Animal instinct took over. Her body went wild, kicking and screaming. One kick landed against his upper arm, another scraped his knuckles. He howled in pain and let go of her. Charlie yanked the door shut. She slammed her hand down on the lock button.
The clicking sound from all four doors felt deafening.
Adam pulled on the door handle and Charlie had a horrible moment of being sure that it would open.
He beat his fists against the glass window.
She just sat there, her fingers running over the steering wheel. He was shouting at her, but her mind felt far away, numb with shock.
Even though she’d known Adam was terrible and that she’d robbed him—she’d underestimated the danger. A year out of the game, and she was fucking up left and right.
Though it was dormant, there was something new between Charlie and her shadow, a buzzing of sensation, an almost umbilical connection. A phantom limb. A homunculus.
With shaking hands, Charlie rooted out the key from her bag. Thankfully, the car roared to life. Adam pounded on the hood, and Charlie gave him a momentary warning of revving the engine, before hitting the gas. He reeled back just in time to avoid being hit. Heart thundering, Charlie steered herself out of the parking lot.

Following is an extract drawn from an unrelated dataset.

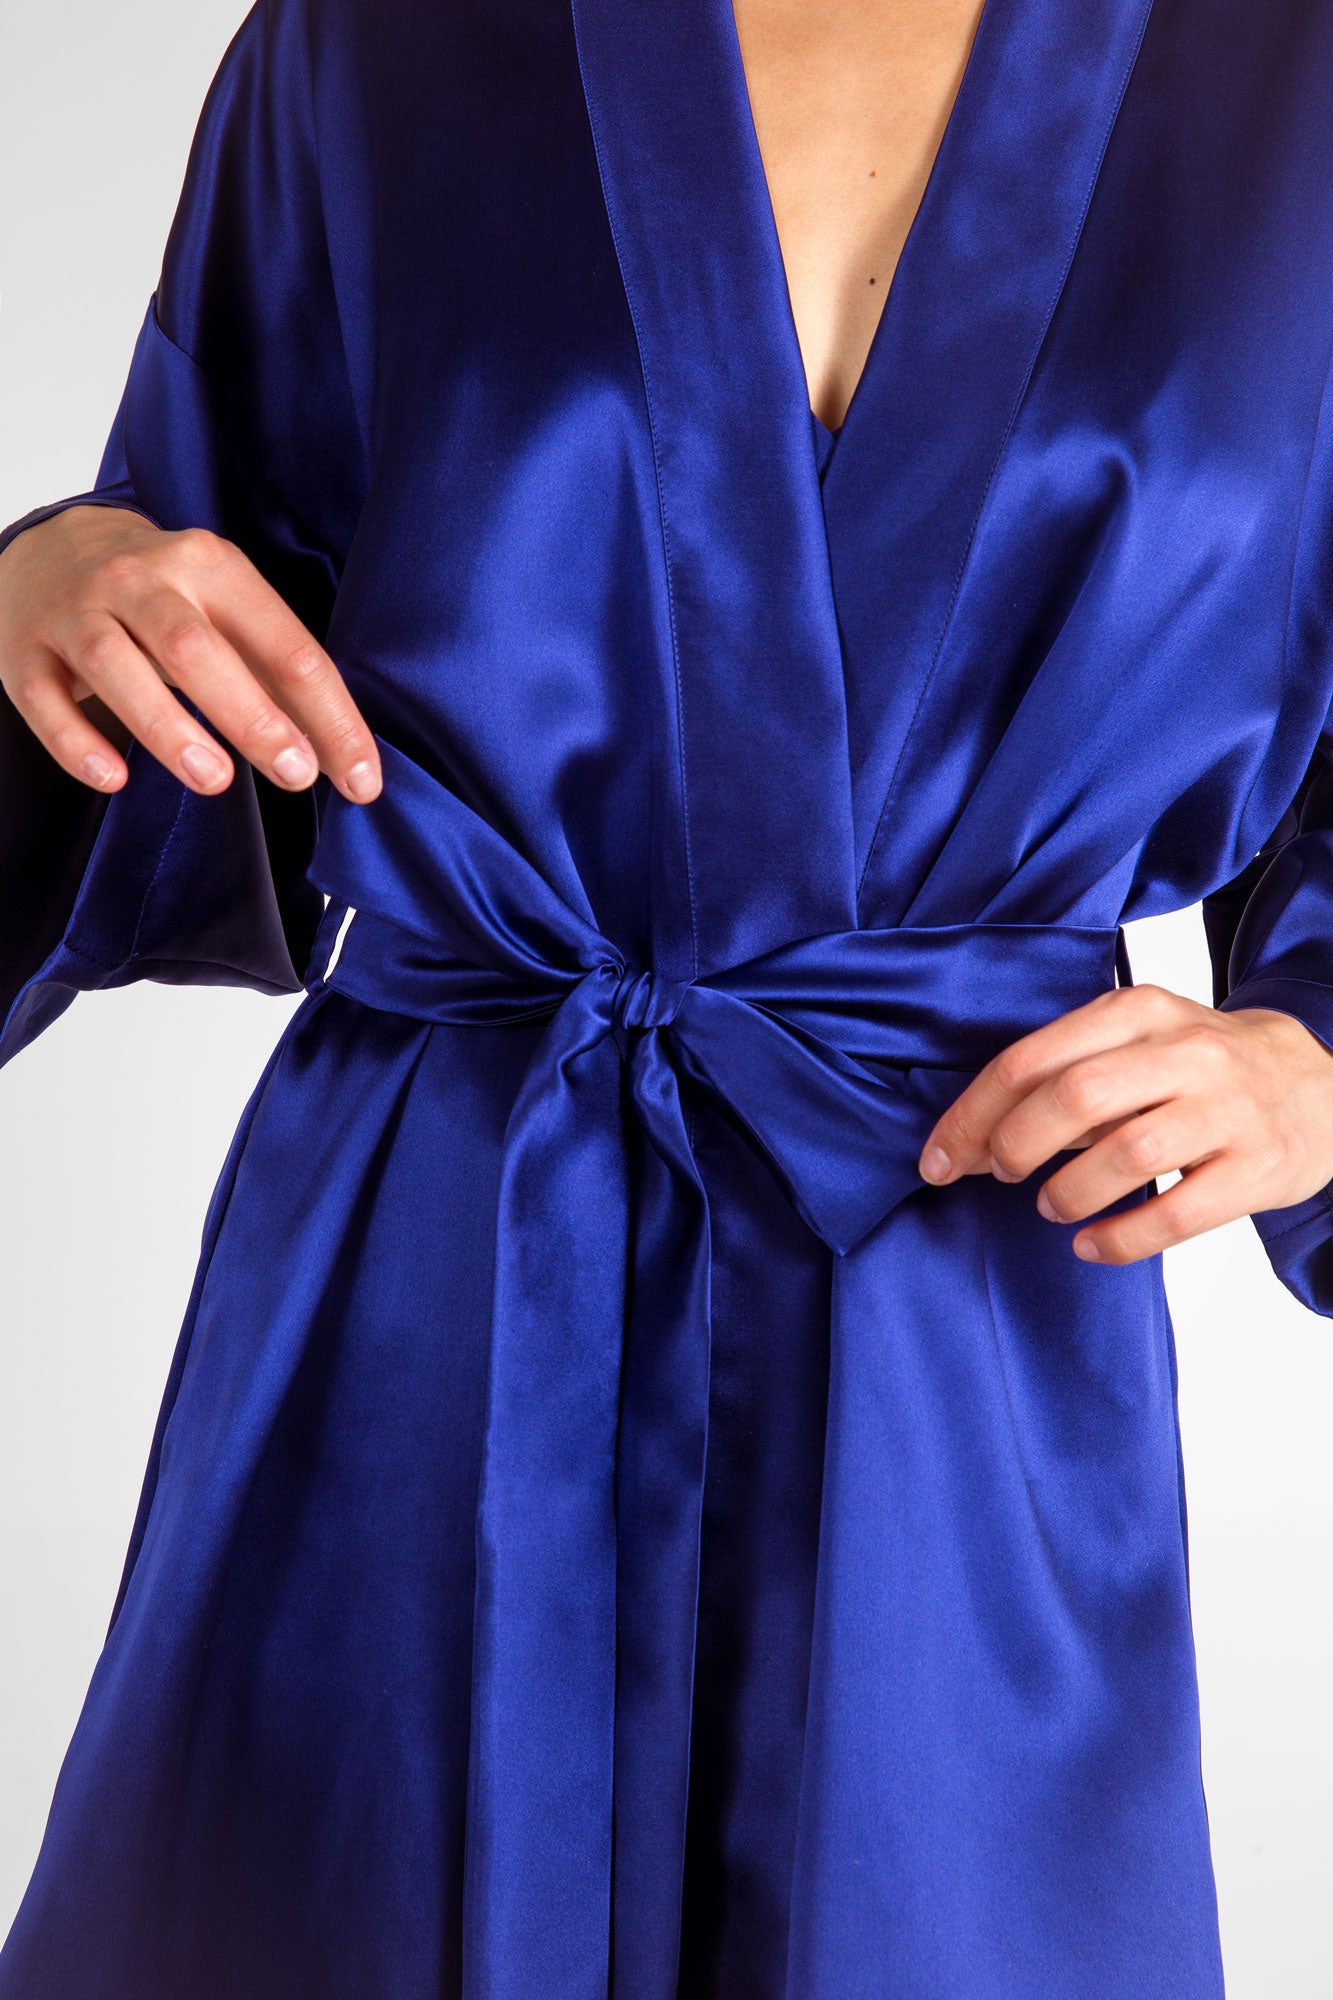 Ladies' silk robe in real blue silk satin with a bow

At the first red light, everything looked a little hazy, as though she was seeing it through a Vaselined lens. She realized her eye was starting to swell.
Also, she thought she might be having a slight panic attack.
She pulled over at a gas station about a mile away and checked her face in the mirror. Her left eye was purpling. Her mouth was cut, upper lip swollen like an aesthetician had gone ham with a needle full of filler.
Charlie was a mess. There were enough people wanting to knock her around that they were going to have to take a number, like at a deli counter.
And what it had taken out of her shadow. She remembered Vince’s words about unspooling. Remembered that it was freshly quickened, with no reserves of energy.
She had to feed it.
Charlie couldn’t remember where she’d first seen an image of a witch feeding her familiar from a third nipple. She recalled a woodcut, or an illustration meant to look like one. It must have been in the research she did for the Inquisition, back when she was Alonso.